Third, Jesus challenged the Pharisees’ selective interpretation of Scripture. When Jesus asked them, “What did Moses command you?”, the Pharisees went straight to Deuteronomy 24, which was handy, because it happened to be the text that said what they wanted to hear. Jesus’ response is telling: “He wrote this commandment for you because of your hard hearts. But from the beginning of creation he made them male and female.” The Deuteronomy text is late in the Mosaic corpus. But at the beginning of that corpus, in the account of creation, Moses put man and woman on papyrus (he “made them”) “male and female . . . and the two will become one flesh.” The Pharisees were taking the Deuteronomy text in isolation, out of its setting in the overall Mosaic corpus and the narrative of Scripture as a whole. That’s not a legitimate interpretation, Jesus maintains. You can’t understand what Moses, inspired by God, writes in Deuteronomy apart from what he writes in Genesis. The same Moses who allowed divorce in Deuteronomy portrays husband in wife in Genesis as inseparable. If you make a serious effort to understand Moses, Jesus asserts, you can’t avoid the conclusion that divorce exists in Deuteronomy 24 because the Fall exists in Genesis 3 after the good creation of humanity in Genesis 1-2. And if God’s reign is indeed near, as Jesus relentlessly proclaimed, then preparing for that kingdom means adapting one’s habits in relationship with others to the pure new creation, not complacently accepting the habits of the fallen old one of which divorce, unfaithfulness, and sin-hardened hearts are corrupt features.

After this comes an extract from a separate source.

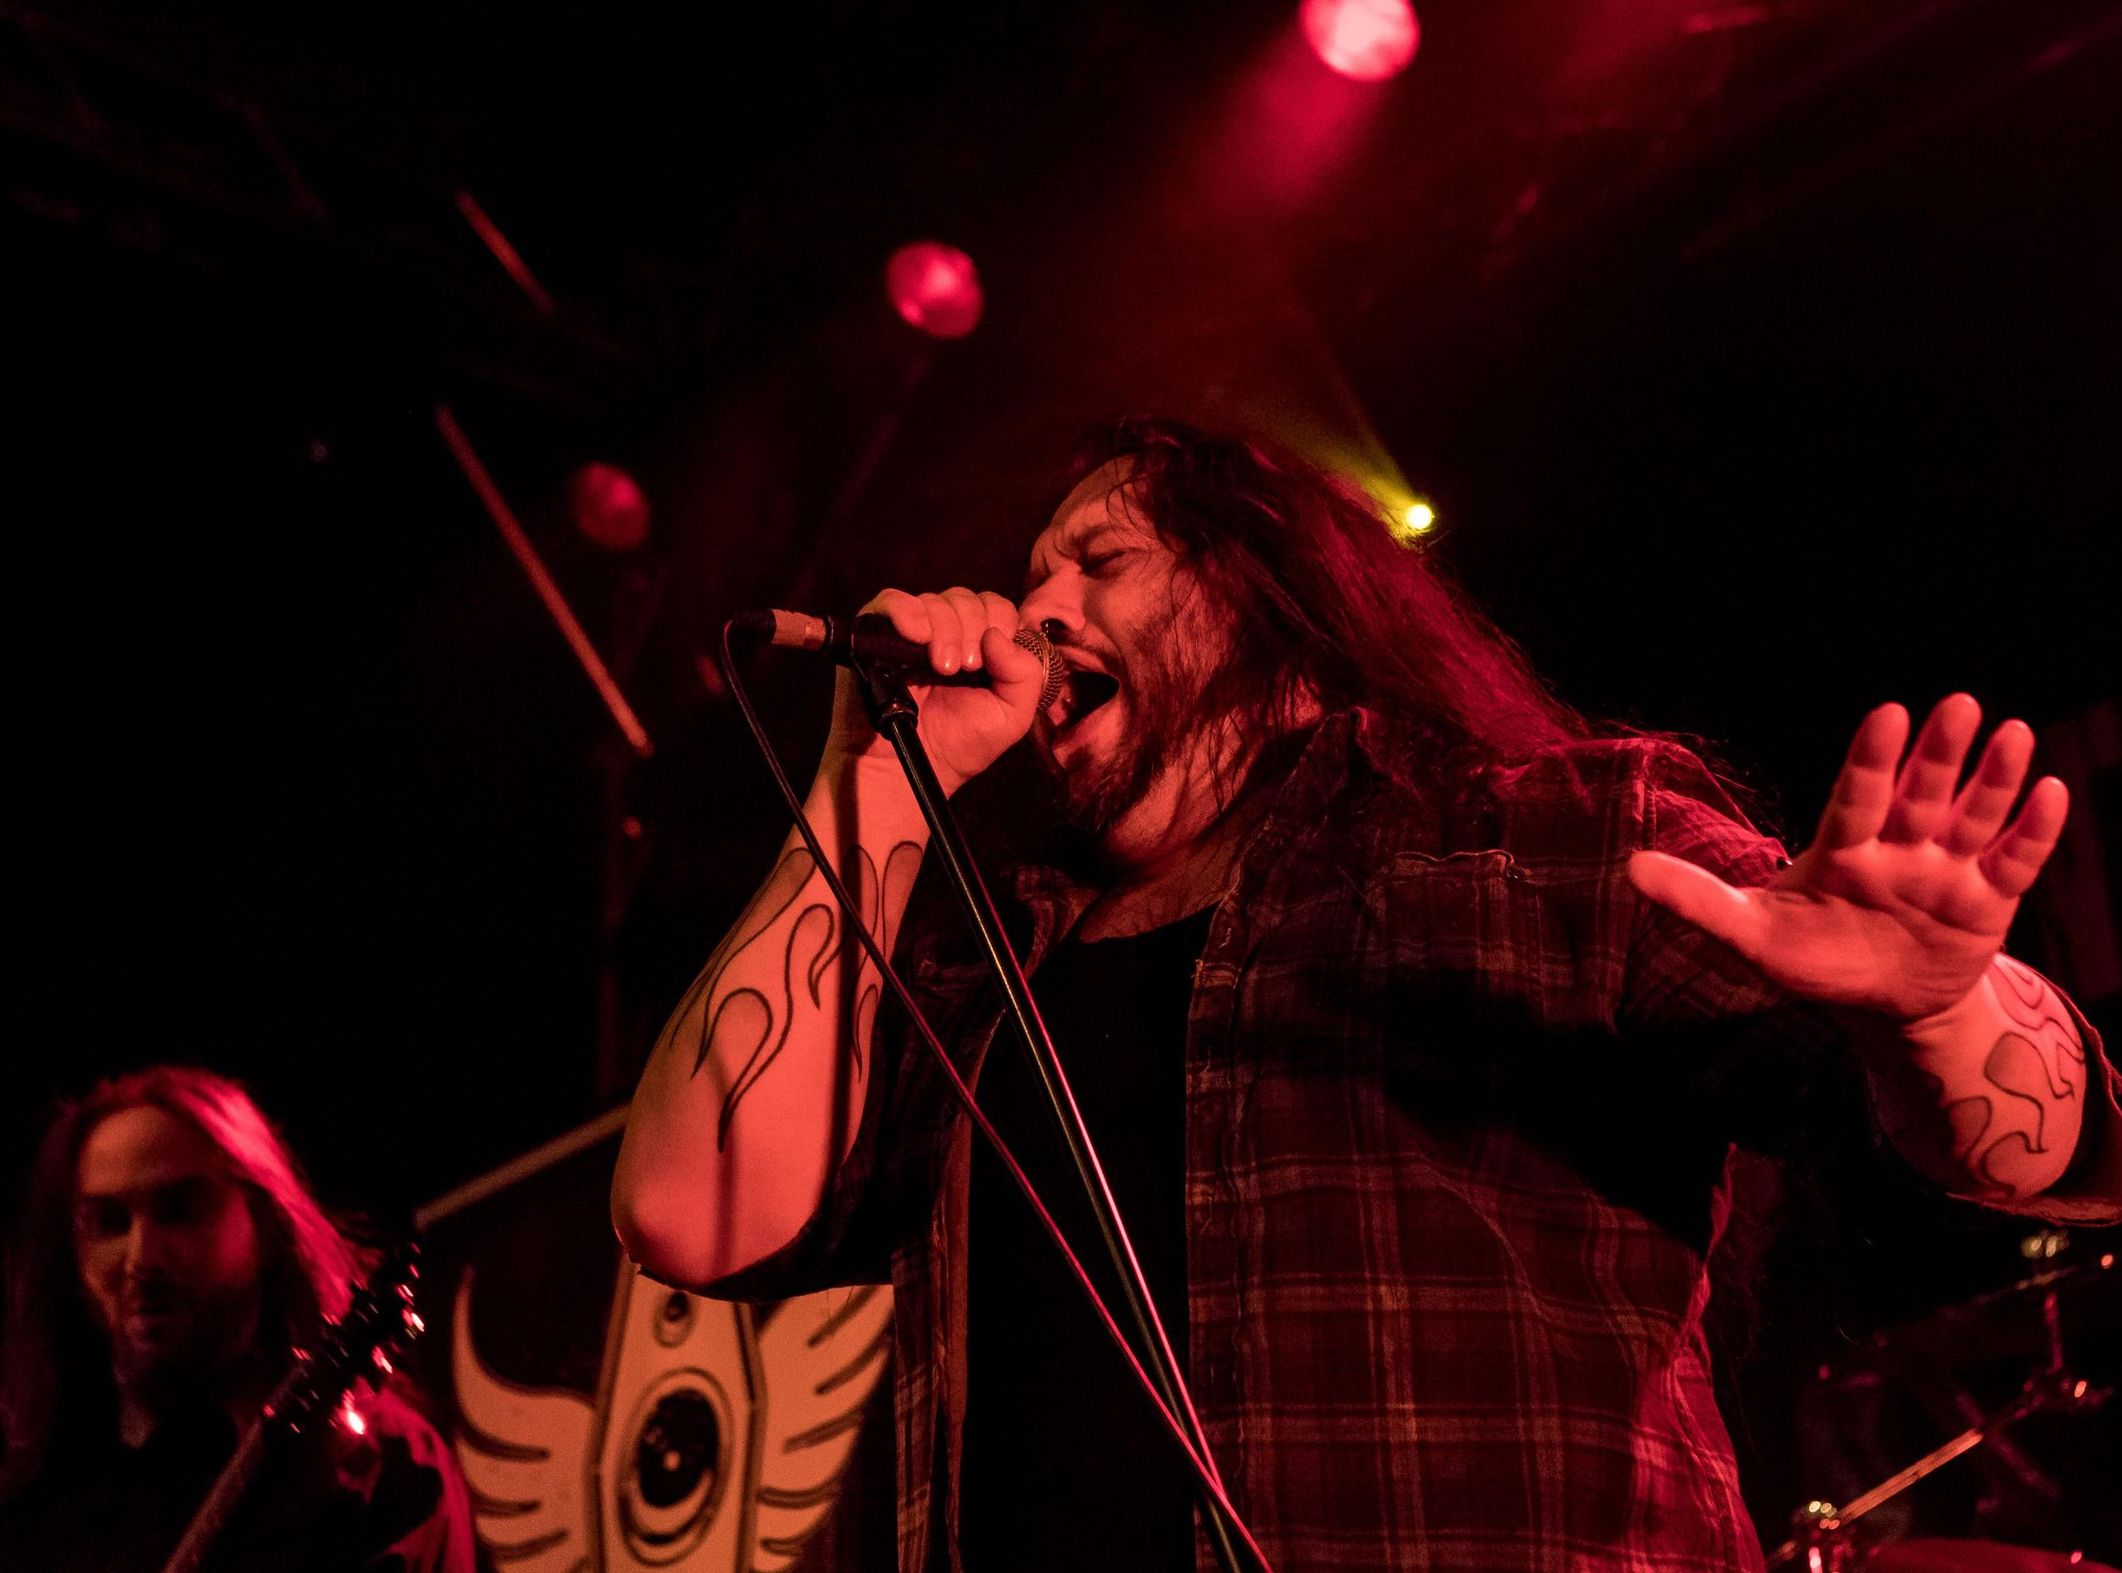 the-very-end-live-zeche-carl-essen-germany-thrash-metal_11

What Jesus says in this passage, along with the rest of Scripture, should assuredly form our mindset toward divorce. But it should also form our mindset toward Scripture itself. We, like the Pharisees, can be so accustomed to the teaching we’ve received—even if it’s as recent a vintage as last year’s bestseller—that we can’t keep straight what the biblical text says versus what an interpreter says. We need to be redirected to Scripture supremely.

We also need to be directed to Scripture in total, not just the passages that we’re most comfortable with. We have to take the entire text seriously, neglecting nothing. And though it is almost inevitable (and sometimes desirable) that certain parts of the Bible become keys by which we understand the rest, we must be critical of what we take to be those keys. The Pharisees unthinkingly took Deuteronomy 24:1-4 as one of their keys; Jesus asserted that Genesis 1-2 was the actual key by which Deuteronomy 24 should be understood. We too can pick the wrong interpretive key and not know it and thereby distort our understanding of the whole thing.

Ironically, Jesus’ teaching about Scripture in this particular text is obscured by centuries of Christians doing the very things Jesus rebukes. Rather than looking squarely at what Mark says, we’ve been distracted by what copyists, interpreters, and translators say he said. To be fair, one of those distractions has been Matthew, and as a biblical author it’s crucial that we not neglect what he said either. But we’ve taken Matthew’s version of the story as the interpretive key to Mark such that it has swamped the latter text and substituted a false unison for the harmony of their distinct and complementary voices. Our penchant for using Matthew as a shorthand for Mark prevents us from looking at all of Scripture.

We would be wise to ask God humbly in prayer to correct us when we think we can phrase or organize the Bible better than he can. I hope we keep getting better at receiving what he gave us.